New gravitational waveform model for precessing binary neutron stars with double-spin effects
Abstract
We present two new frequency-domain gravitational waveform models for the analysis of signals emitted by binary neutron star coalescences: IMRPhenomXASNRTidalv2 and IMRPhenomXPNRTidalv2. Both models are available through the public algorithm library LALSuite and represent the first extensions of IMRPhenomX models including matter effects. We show here that these two models represent a significant advancement in efficiency and accuracy with respect to their phenomenological predecessors, IMRPhenomDNRTidalv2 and IMRPhenomPv2NRTidalv2. The computational efficiency of the new models is achieved through the application of the same multibanding technique previously applied to binary black hole models.
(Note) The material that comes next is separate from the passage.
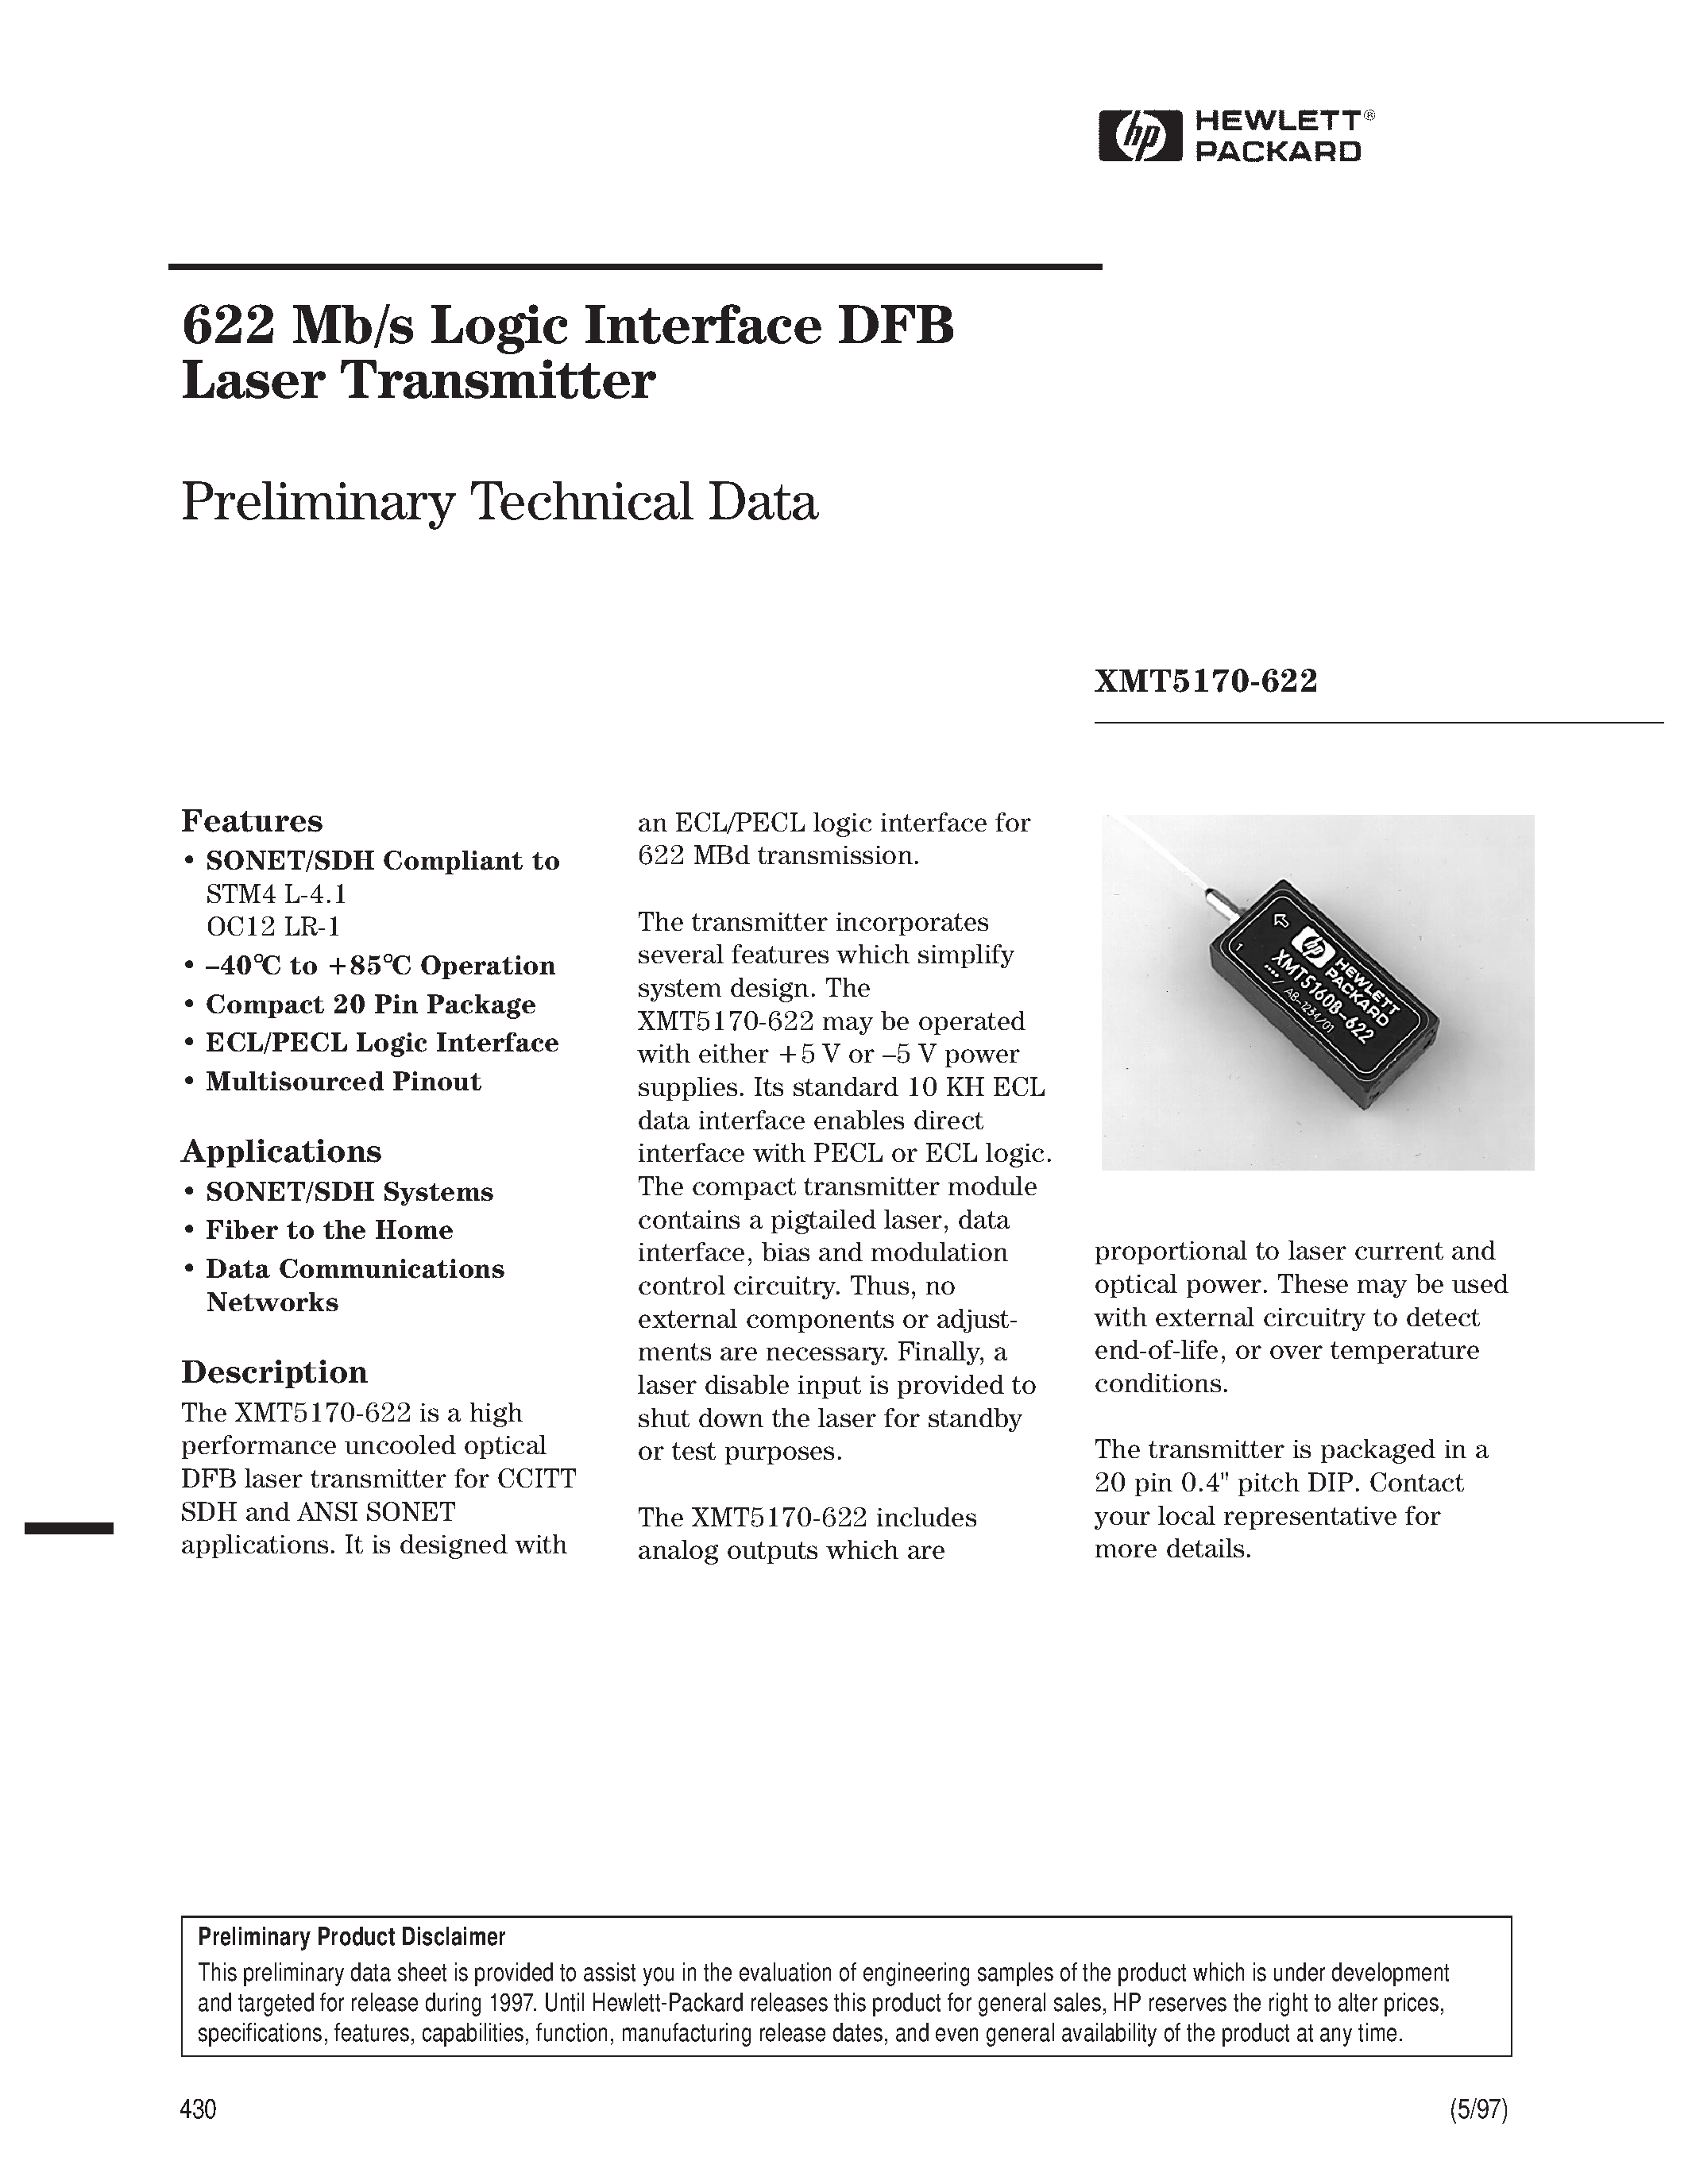 Datasheet XMT5170-622 - 622 Mb/s Logic Interface DFB Laser Transmitter page 1

Furthermore, IMRPhenomXPNRTidalv2 implements a more accurate description of the precession dynamics, including double-spin effects and, optionally, matter effects in the twisting-up construction. The latter are available through an option to use a numerical integration of the post-Newtonian precession equations. We show that the new precession descriptions allow the model to better reproduce the phenomenology observed in numerical-relativity simulations of precessing binary neutron stars. Finally, we present some applications of the new models to Bayesian parameter estimation studies, including a reanalysis of GW170817 and a study of simulated observations using numerical relativity waveforms for nonprecessing binary neutron stars with highly spinning components. We find that in these cases the new models make a negligible difference in the results. Nevertheless, by virtue of the aforementioned improvements, the new models represent valuable tools for the study of future detections of coalescing binary neutron stars.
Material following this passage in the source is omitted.